やれ、この俺の何人かかってもびくともしないような鉄の化け物が動くのだから、世界は不思議だ。

少女に『エレキ』で動くのだと説明を受けて、雷神様でも中に閉じ込めているのだろうかと疑ってしまう。

さて、電車に入ると、手ごろな四人用席を見つけ、二人並んで座った。

向かいには老夫婦が座っているが、いたって静かで気にならない。

もしかすると、腰の痛みに耐えているのしれない。

ここは三等車なので、硬い木製の座席で、腰掛の部分だけシートが敷いてある簡素なつくりだ。数時間も乗れば、腰を痛めること間違いなし。
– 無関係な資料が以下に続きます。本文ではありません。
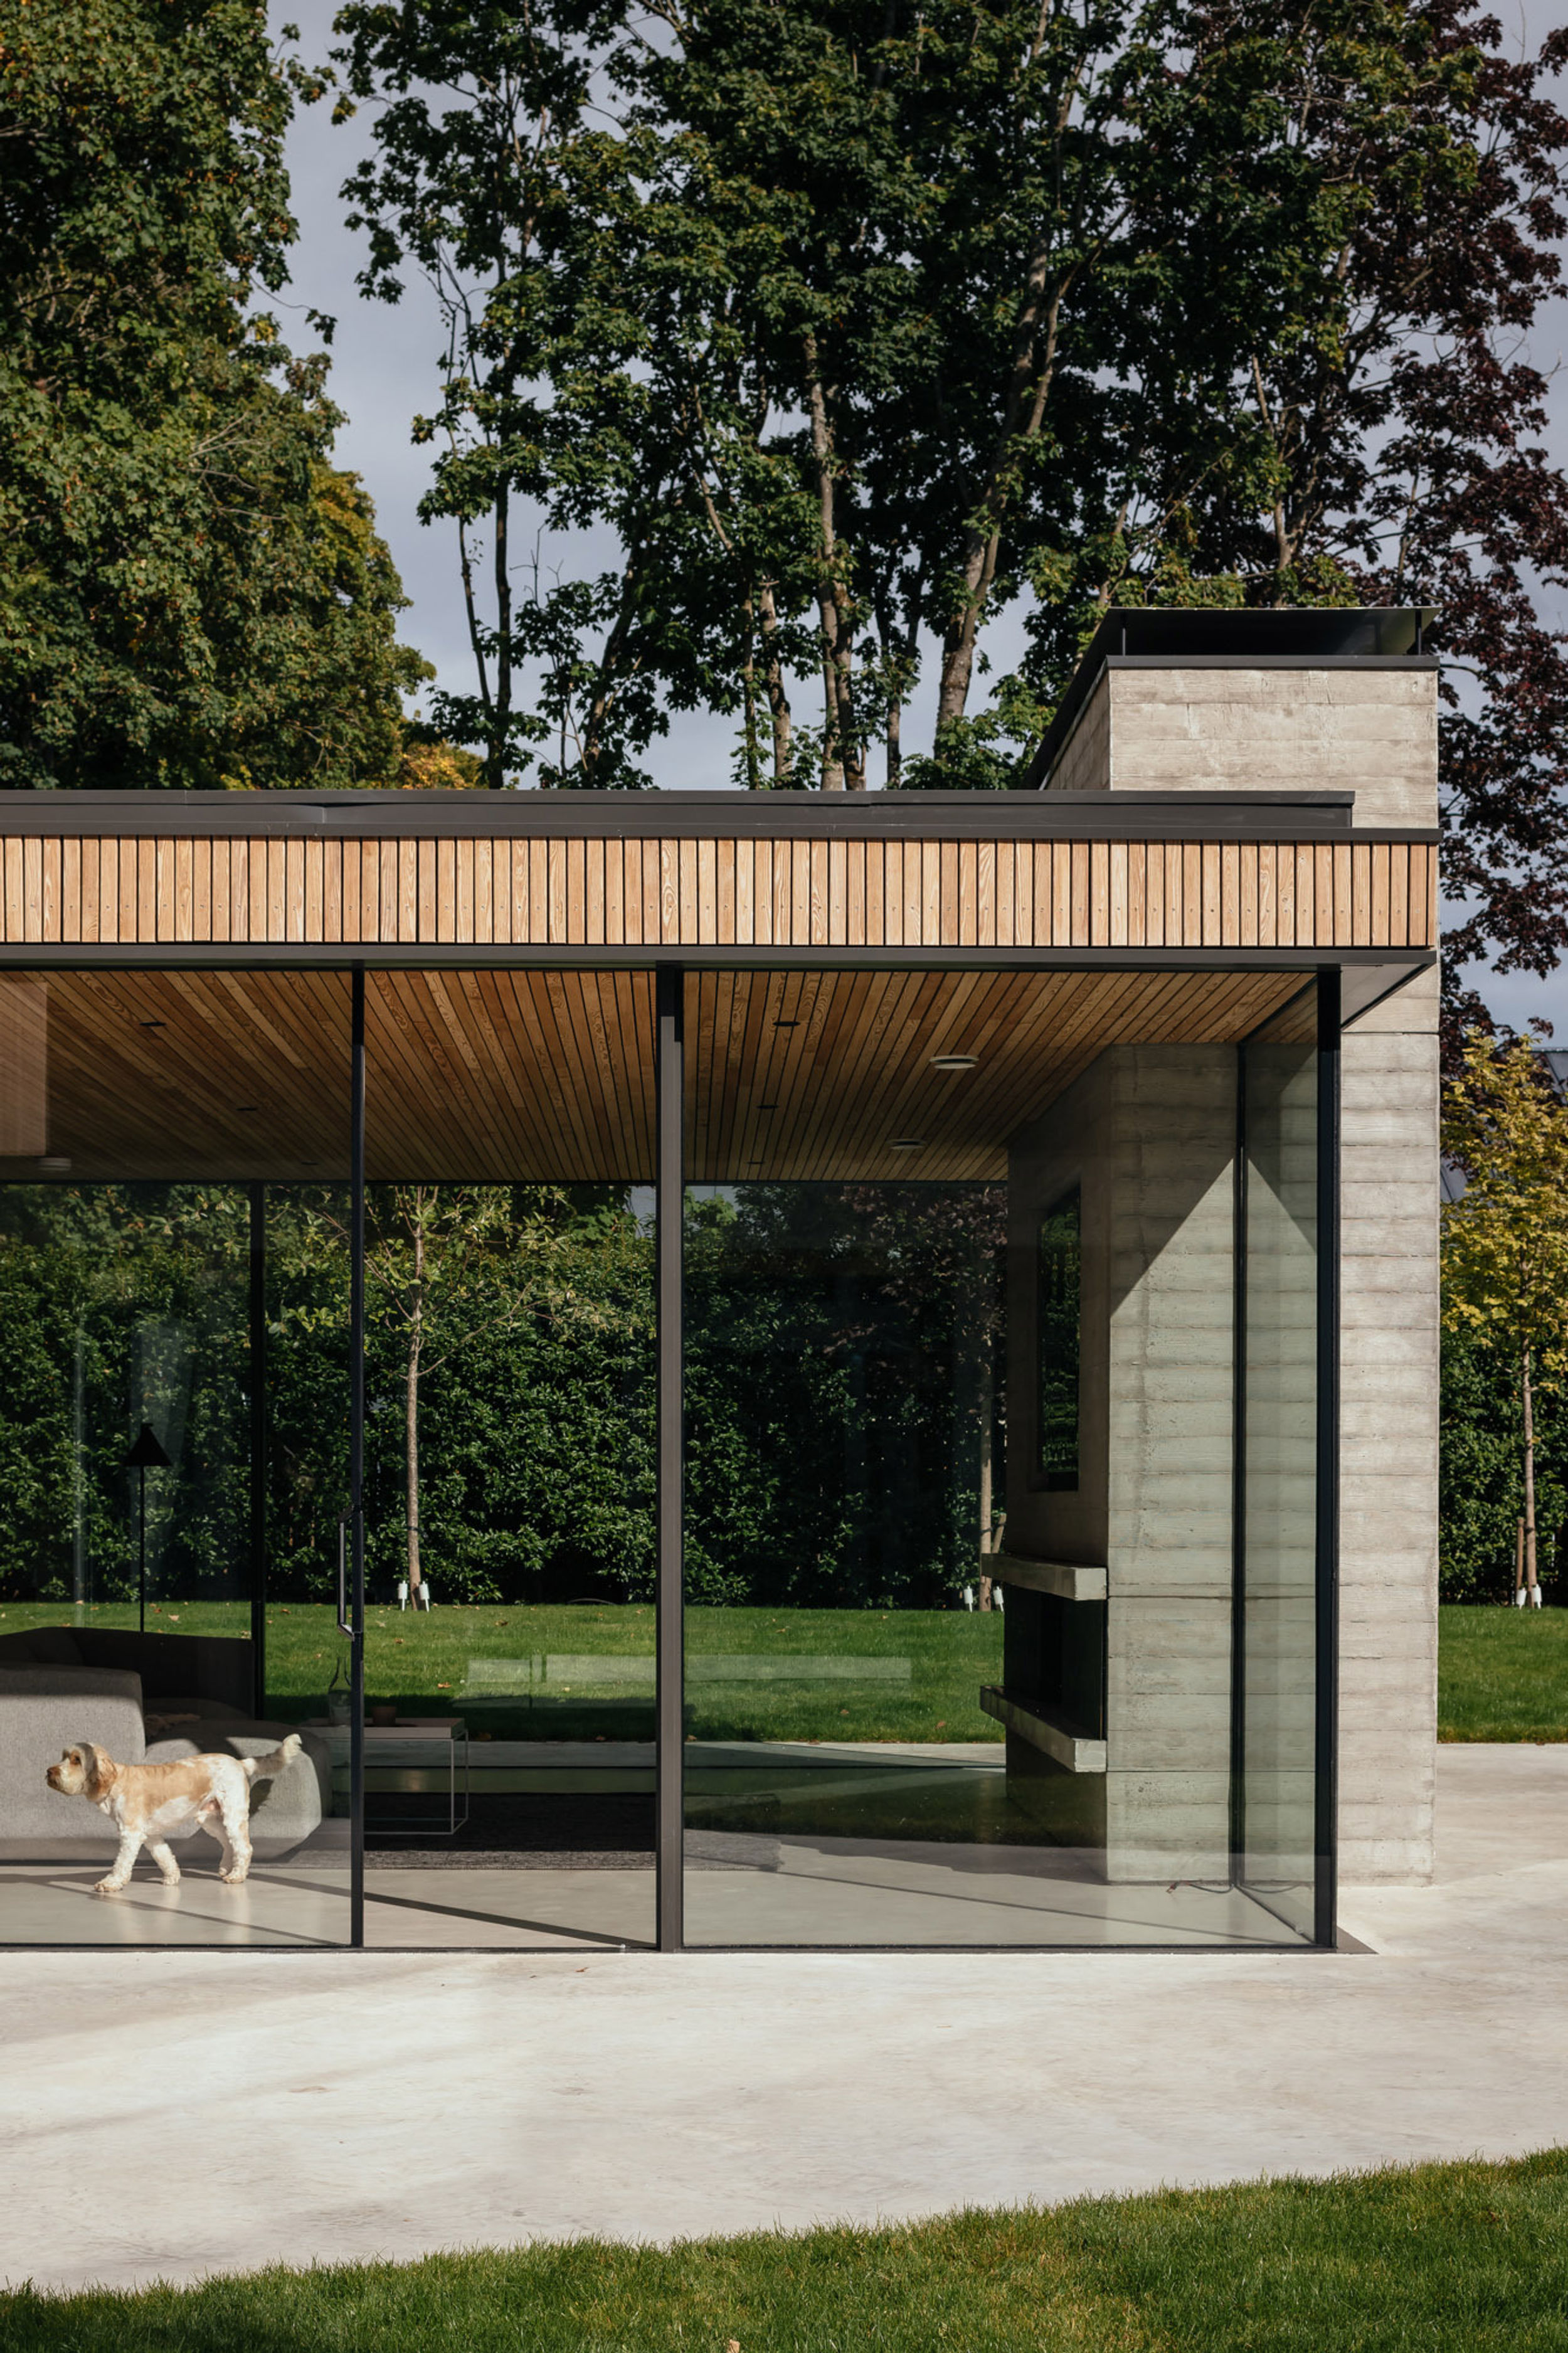 A dog walks inside a heavily glazed house looking outside. The walls are all made from glass. Inside, a fireplace is visible. The fireplace surround and chimney are made from board marked concrete. The ceiling is timber lined. The internal floor is micro cement.
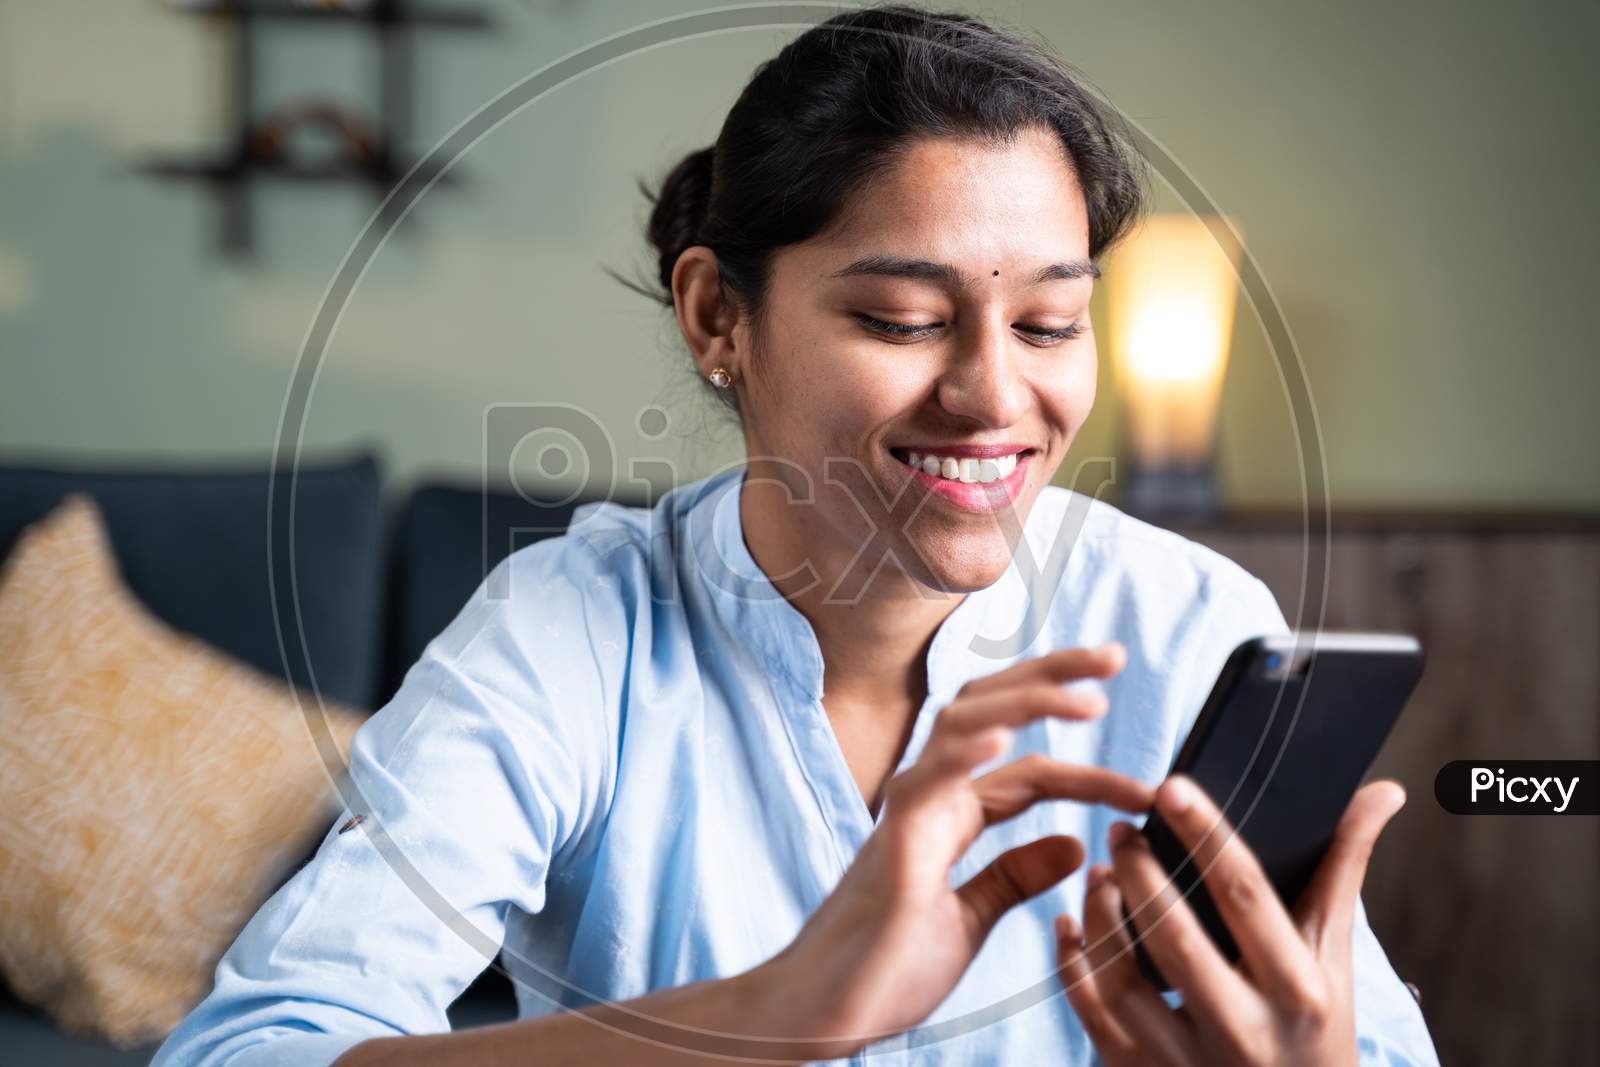 Happy Young Girl Smiling By Reading Funny Message Or Sms On Smartphone - Concept Of Using Social Media, Online Messaging App, Internet And Entertainment Lifestyle

俺は、腰をむずむずと動かしながら、窓の外をぼんやりと眺める。

定刻になると、がたんと揺れてから、ゆっくり電車が動き始めた。

流れゆく景色も、最初は面白いものだが数十分もすれば飽きてしまった。

それどころかなにやら、上下左右に揺さぶられるせいで、腹の奥が沸きかえってくるし、背中から冷や汗が出てきた。

そんな俺を見かねたのか、少女は本をめくる手をとめて、尋ねてきた。

少女「なにやら体調が優れないようですが…」

俺「すこし、気分が悪いんだ。こう、揺られていると『中身』がせり上がってくるようで」

少女「電車に酔ってしまったのでしょう。景色のより遠くをご覧ください、きっと幾分かましになります」

俺「うん…俺はどうもこの電車と相性が悪いらしい」

雷神様が近くにいるというだけで、緊張してしまうのだ。

すると、前の席に座る爺が、にかっと笑って言った。

爺「よう、若いの。酔い止め薬はいるかい?」

俺「やぁ、それは助かります。頂けますか」

爺は、小袋から米粒のほどの大きさの球を数粒取り出し、手渡してくれた。

それを飲み込むと、なにやら苦い味が舌の上を転がった。

我慢して飲み込むと、先ほどより吐き気が収まった気がする。

俺「ありがとうございます」

爺「へへ。儂も同じさ。何度乗ってもこの揺れは慣れねえ」

爺もいくつか薬を取り出し飲み干すと、いくつも欠けた歯をぐわっとむき出した。

爺「苦くなければいいんだが、こいつしか儂には効かないのさ」

彼は、悔しそうに小袋を懐にしまった。